Member of Parliament for Berkshire
- In office 1734–1739 Serving with Winchcomb Packer
- Preceded by: Sir John Stonhouse, 3rd Baronet Winchcomb Packer
- Succeeded by: Peniston Powney Winchcomb Packer

Personal details
- Born: William Eyre 4 June 1677
- Died: 30 June 1739 (aged 62)
- Political party: Tory
- Spouse(s): Eleanor Wrottesley ​ ​(m. 1706; died 1717)​ Susanna Newton ​ ​(after 1717)​
- Relations: Sir John Gell, 2nd Baronet (grandfather) Philip Eyre Gell (nephew) John Gell (nephew) Sir Philip Gell, 3rd Baronet (uncle)
- Children: 4
- Parent(s): William Eyre Catherine Gell

= William Archer (British politician) =

English lawyer and Tory politician

William Archer (né Eyre) (4 June 1677 – 30 June 1739), of Coopersale, in Theydon Garnon, Essex, and Welford Park, Berkshire, was an English lawyer and Tory politician who sat in the House of Commons from 1734 to 1739.

==Early life==
Archer was born William Eyre on 4 June 1677. He was the second, but first surviving, son of William Eyre of Holme Hall and Highlow Hall, Derbyshire, and Catherine Gell, daughter of politician Sir John Gell, 2nd Baronet. As his uncle Sir Philip Gell, 3rd Baronet died in 1719 without any children, the Gell family estate passed to William's brother, John Eyre, who assumed the surname Gell. After his brother's death in 1739, the lands of Hopton Hall were inherited by John's eldest son, and Archer's nephew, Philip Eyre Gell, who was High Sheriff of Derbyshire. (Note: Through his brother John Eyre-Gell, he was uncle to Admiral John Gell and Philip Eyre Gell, who inherited the Gell family fortune, and was the father of both Philip Gell, MP for Malmesbury and Penryn, and the renowned antiquarian Sir William Gell.)

==Career==
He entered Gray's Inn in 1696 and was called to the bar in 1705. He became a bencher in 1724.

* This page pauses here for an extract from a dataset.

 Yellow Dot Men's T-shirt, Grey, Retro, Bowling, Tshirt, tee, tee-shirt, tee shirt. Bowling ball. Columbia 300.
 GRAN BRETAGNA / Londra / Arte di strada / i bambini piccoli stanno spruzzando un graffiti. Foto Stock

Archer was returned as Tory Member of Parliament for Berkshire at a by-election on 6 February 1734 after the death of Sir John Stonhouse, 3rd Baronet in 1733. He was returned unopposed a few months later at the 1734 British general election. He voted against the address on the Spanish Convention of 1739. Archer died in office in 1739.

==Personal life==
Archer was extremely wealthy. In addition to his own family's wealth, in 1706, he inherited the estates of Sir John Archer at Coopersale, Essex and Welford Park, Berkshire, on condition that he marry Archer's niece, Eleanor Wrottesley, daughter of Sir Walter Wrottesley, 3rd Baronet and assume the name Archer. They married, but had no children before Eleanora died on 2 May 1717.

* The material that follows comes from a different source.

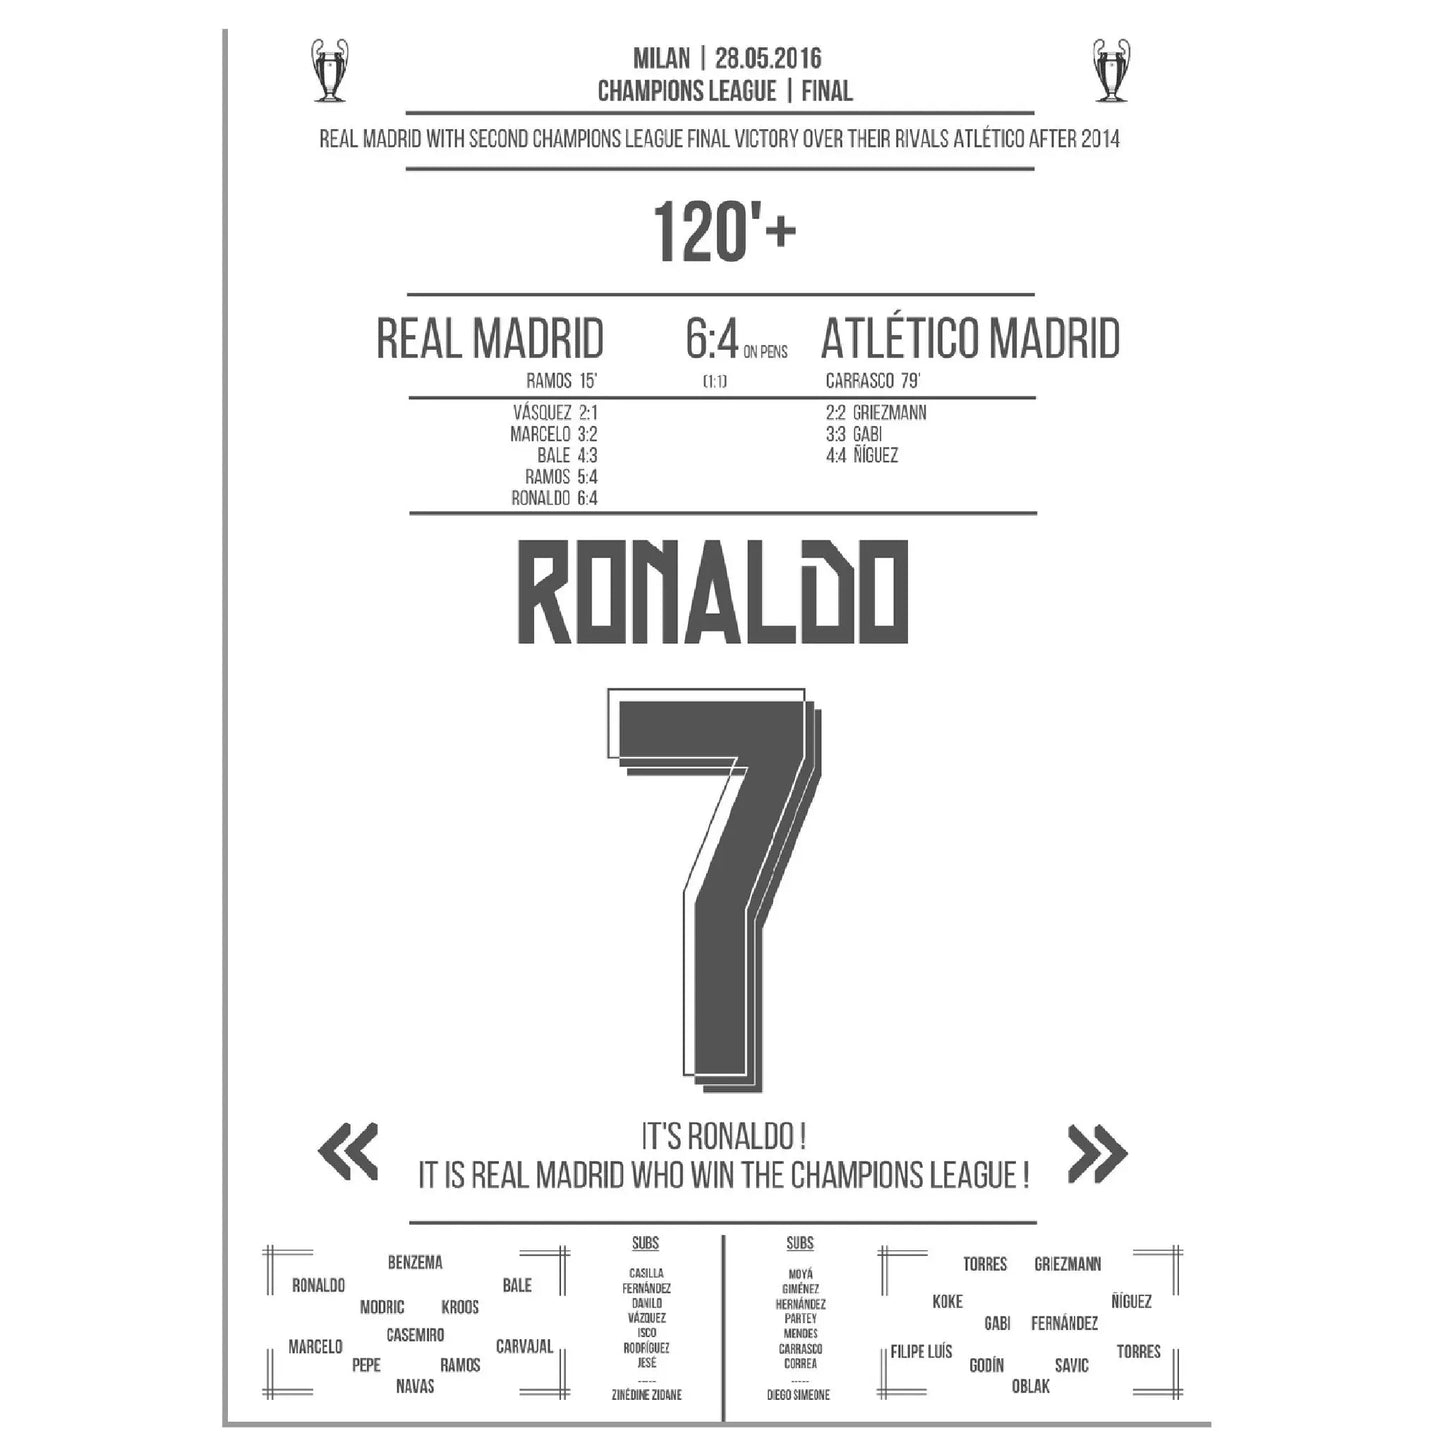 Ronaldo trifft den entscheidenden Elfer im zweiten Champions League Finalsieg Reals gegen Atletico 
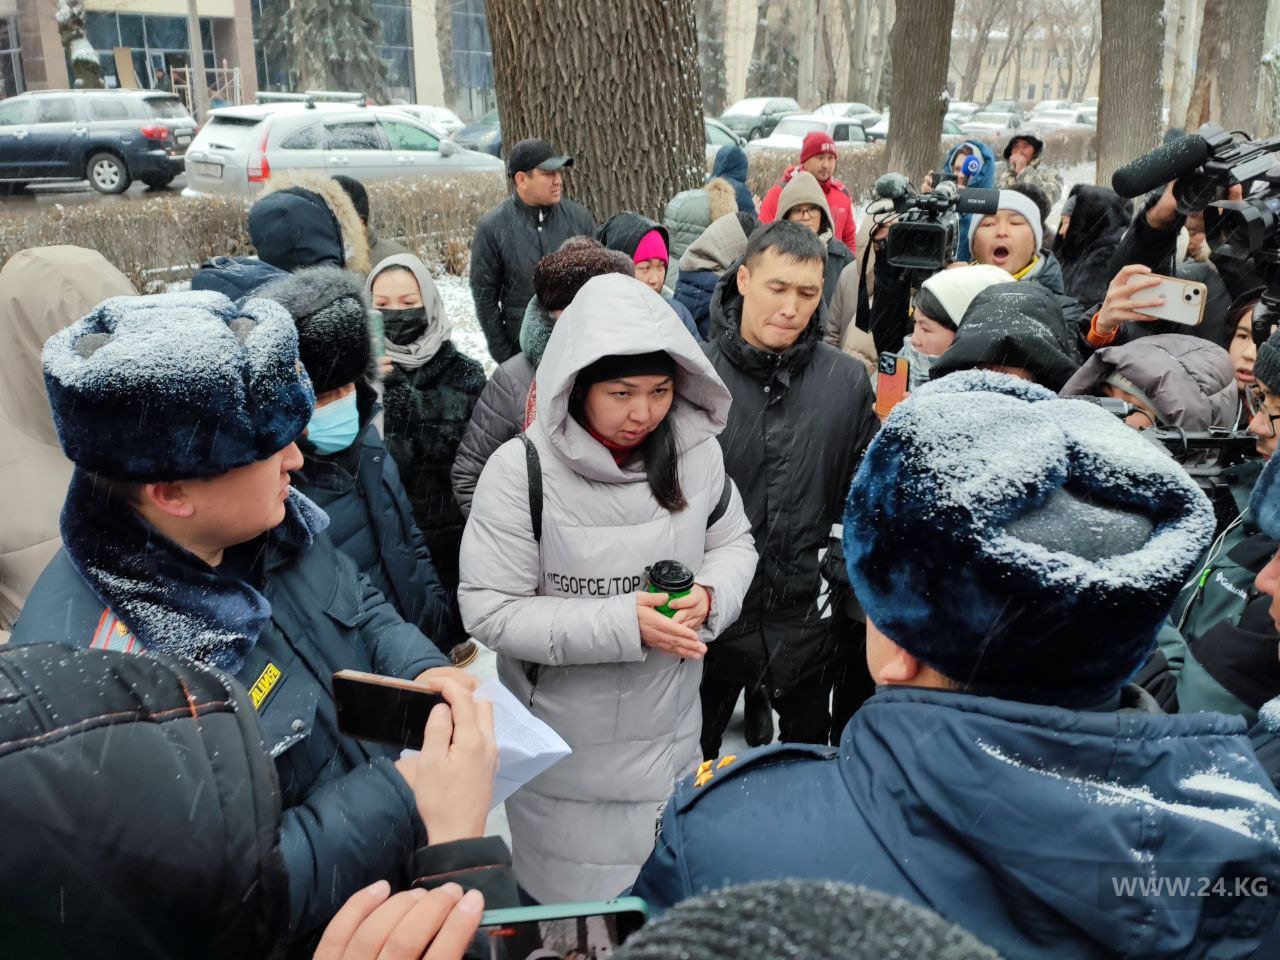 Марш за законность. Суд вновь запретил массовые собрания в центре Бишкека

After his first wife's death, he married, as his second wife, Susanna Newton, the only daughter of Sir John Newton, 3rd Baronet, of Barrs Court. Through this marriage, his second son inherited further estates from Susanna's brother, Sir Michael Newton, 4th Baronet, who died childless in 1743. Together they were the parents of:

- John Archer (c. 1722–1800), who married Lady Mary Fitzwilliam, a daughter of John Fitzwilliam, 2nd Earl Fitzwilliam. Her sister was Lady Anne Fitzwilliam (the second wife of Francis Godolphin, 2nd Baron Godolphin) and her brother was William Fitzwilliam, 3rd Earl Fitzwilliam (who married Lady Anne, a daughter of the 1st Marquess of Rockingham).
- Michael Archer (c. 1727–1803), an MP for Beverley who married Anne Bagshawe, the only daughter of Samuel Bagshawe of Ford Hall and Catharine (née Caldwell) Bagshawe (a daughter of Sir John Caldwell of Castle Caldwell), in 1799; he took name of Newton in 1743 to succeed to his uncle's estates.
- Catherine Archer (c. 1728–1810), who married Philip Blundell.
- Susanna Archer (c. 1729–1804), who married Edward Harley, 4th Earl of Oxford and Earl Mortimer in 1751; at the time of her marriage, her inheritance was worth £50,000. She succeeded to the estates of her brother Michael in 1803.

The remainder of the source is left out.